The Bespoke Software Lifecycle

To build high-quality custom software, agents should follow this standard cognitive flow:

1. Research (Discovery Phase)

  • Codebase Mapping: Systematically exploring files and symbols.
  • Dependency Analysis: Identifying how components interact.
  • Empirical Reproduction: Confirming the current state or bug before changing anything.
  • Scope Confirmation (Gate): Explicitly listing what is out of scope to prevent intent drift.
  • Output: A Scope Confirmation block defining the task perimeter.

2. Strategy (Design Phase)

  • Architectural Alignment: Ensuring the solution fits existing patterns (e.g., YANP).
  • Tool Selection: Choosing the most efficient MCP tools or libraries.
  • Plan Formulation: Drafting a step-by-step implementation guide.
  • Safety & Boundaries Checkpoint: A mandatory pre-flight check before Execution:
      1. Are all planned write targets within authorized scope?
      2. Does the plan include irreversible operations (delete, push, overwrite uncommitted changes)?
      3. Is there a human-review requirement for this action class?
      4. Does any planned action touch secrets, credentials, or PII?
  • Output: A written Implementation Plan (even a 3-bullet list).

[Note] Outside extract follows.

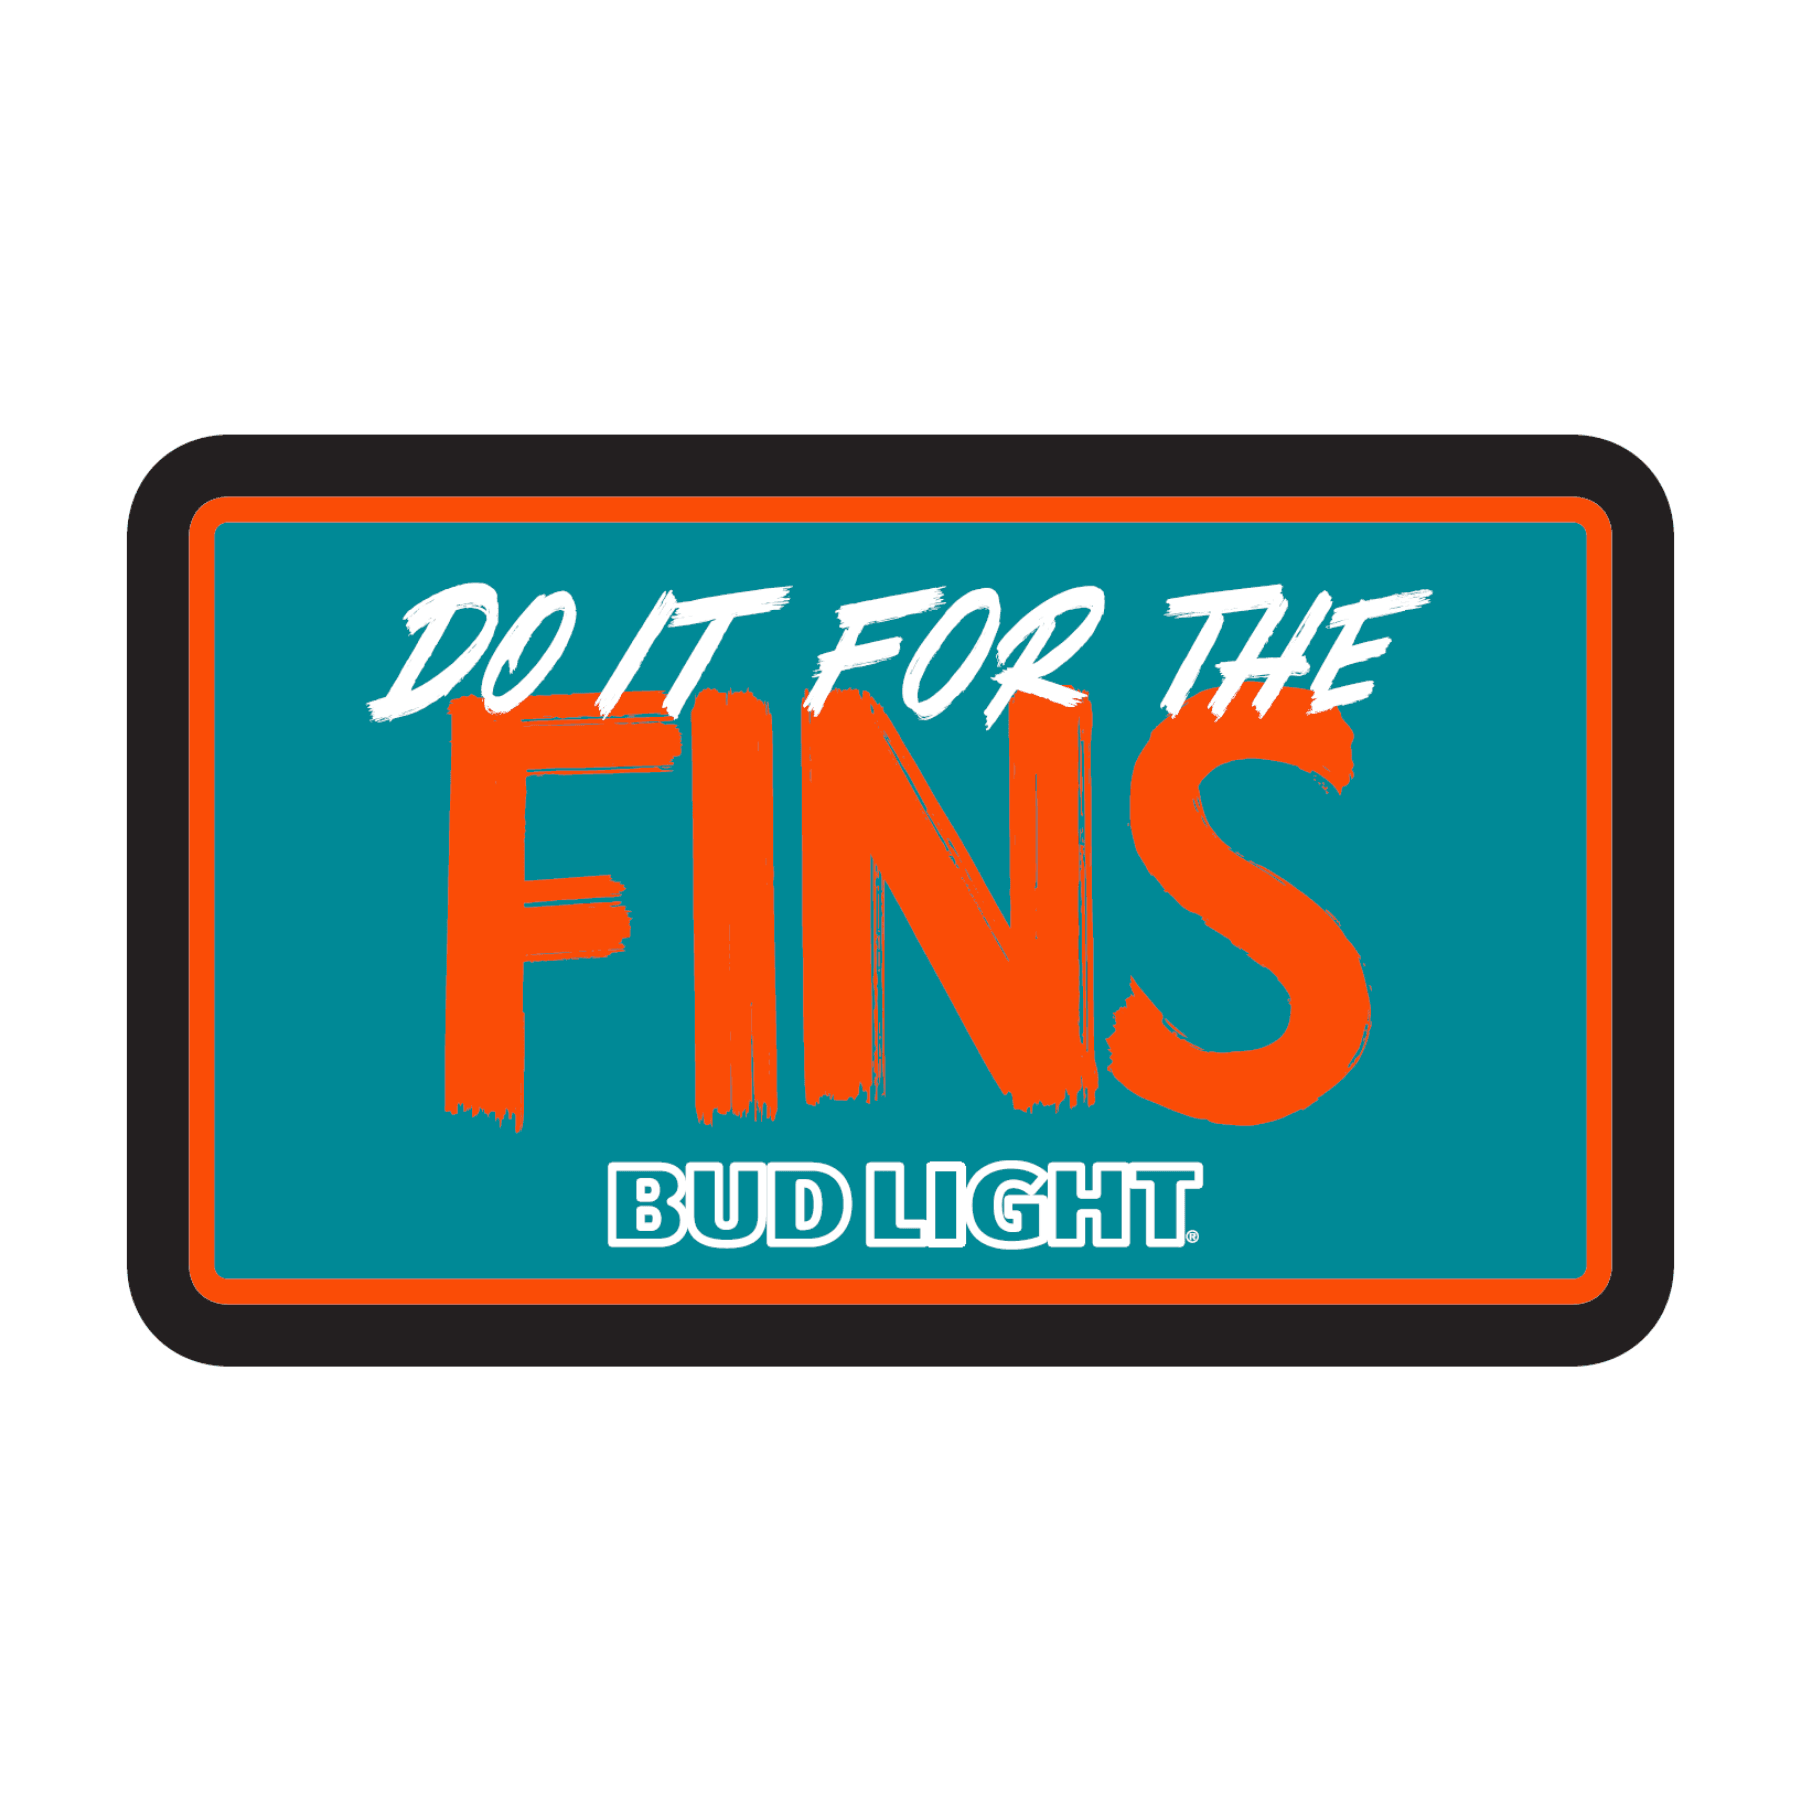 Bud Light Miami Dolphins license plate panel led that reads Do It For The Fins and Bud Light under

3. Execution (The Act-Validate Loop)

  • Surgical Implementation: Applying targeted changes strictly related to the sub-task.
  • Automated Verification: Running tests or linters immediately after changes.
  • Refinement: Adjusting the approach based on system feedback.
  • Loop Termination: If verification fails after 3 iterations, the agent must stop, record the failure state, and escalate to human review.
  • Output: A Passing Test Run or a detailed Failure Report.

4. Finalization (System Integrity)

  • Cross-Linkage: Integrating new notes or code into the broader graph.
  • Regression Check: Running broken-link and orphan scanners to ensure no side-effect errors were introduced.
  • Portal Update: Synchronizing dashboards and indices.
  • Output: A green run-maintenance.ps1 result.

Agentic Workflow Patterns (Andrew Ng)

Frontier models leverage these four patterns to increase performance:

  1. Reflection: The agent critiquing its own output to fix hallucinations or logic gaps.
  2. Planning: Breaking a high-level goal into a sequence of executable steps.
  3. Tool Use: Leveraging external capabilities (calculators, web search, database queries).
  4. Multi-Agent Collaboration: Dividing labor among specialized personas (e.g., Architect, Coder, Judge).

Framework Implementation: LangGraph

Frameworks like langgraph enable these architectures by representing the lifecycle as a Stateful Graph. This ensures that the agent's "shared memory" (State) persists across the entire project lifecycle, allowing for loops, branches, and Human-in-the-Loop checkpoints.